The Directive requires companies to put in place internal reporting channels, where confidentiality of the whistleblower will be ensured, and requires Member States to put in place external reporting channels. The protections for whistleblowers must cover reports made in relation to breaches of the areas of EU law specified in the Directive (including public procurement; financial services, products and markets, and prevention of money laundering and terrorist financing; protection of the environment; protection of privacy and personal data, and security of network and information systems). However, Member States can – if they wish – include protections for those who blow the whistle in other areas. 

There is long-standing guidance from data protection authorities which emphasises the need to balance protection for those who blow the whistle, with the need to ensure that schemes don’t encourage the collection of inaccurate and highly damaging data on persons about whom reports are made. This can be a particular risk where hotline schemes encourage anonymous reports.  This will need to be taken into account by businesses putting in place systems to comply with the Directive.  In addition, whistleblowing policies and procedures will need to be reviewed and updated, and rolled out in a legally compliant way (taking into account local works council / trade union / other staff consultation requirements), so HR and legal teams will need to work closely together to achieve compliance.      

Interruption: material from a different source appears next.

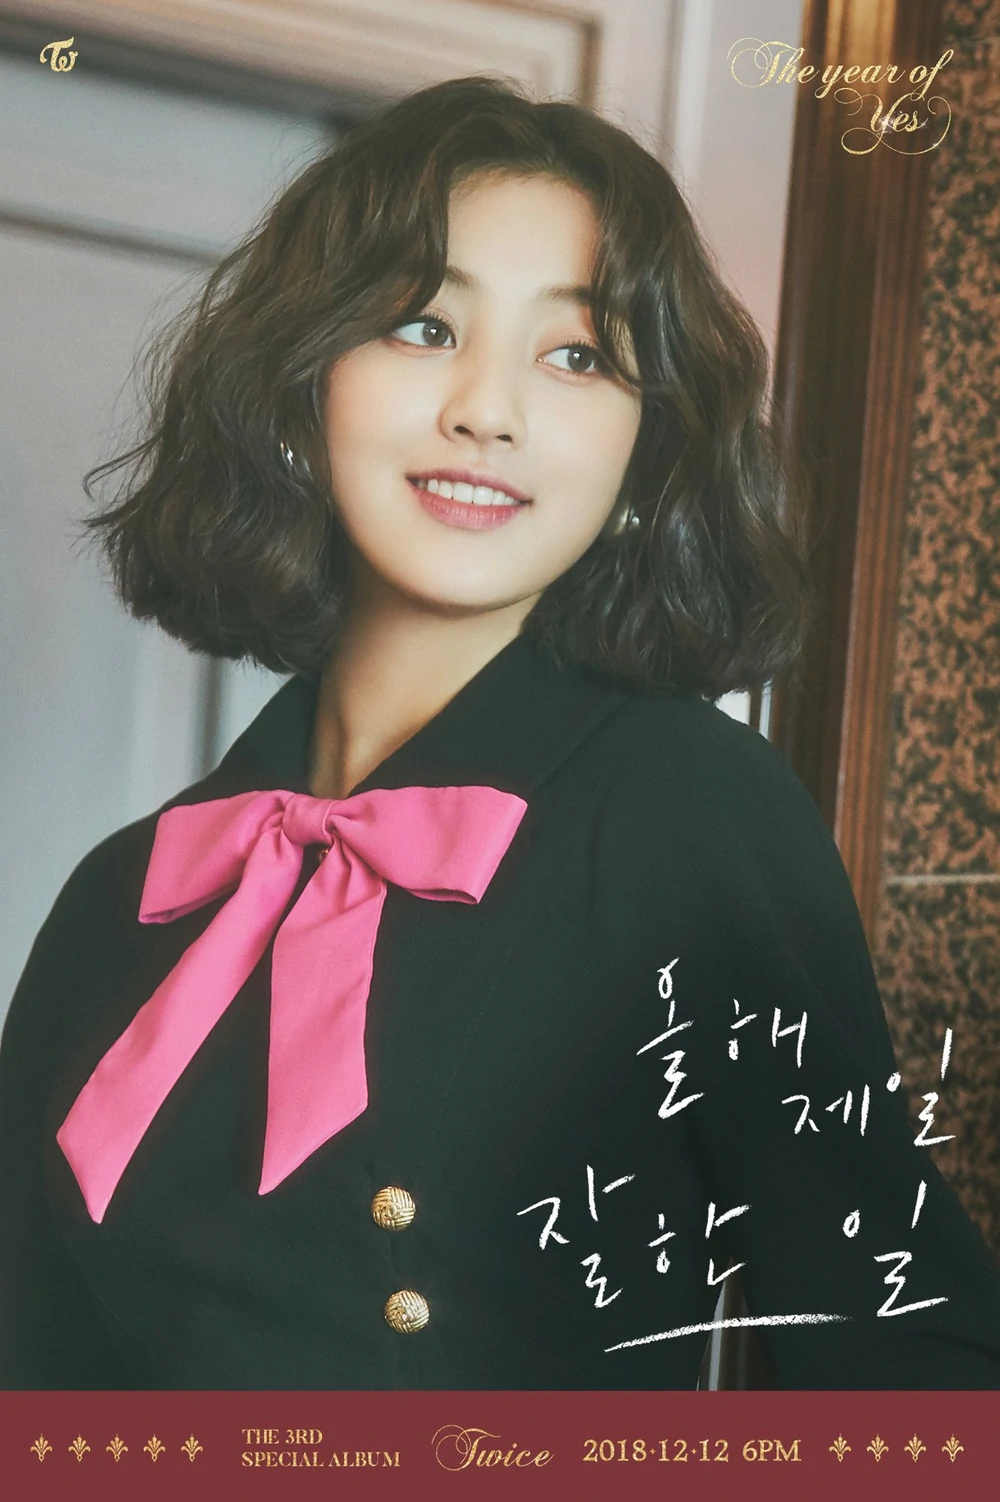 Twice Year Of Yes Jihyo Concept Teaser Picture Image Photo Kpop K-Concept 1

Whilst December 2021 may still feel like a long way off, international businesses (particularly those with operations in a large number of EU jurisdictions, where the time needed to agree changes to policies and then translate these can be significant) can avoid a last-minute rush to compliance by preparing now to:

  • review their standards of business conduct and reporting arrangements, including whistleblower hotlines, to ensure compliance with the Whistleblowing Directive and continued compliance with GDPR; and  
  • implement internal whistleblowing policies (or adapt their existing policies to ensure they take account of the new legislation).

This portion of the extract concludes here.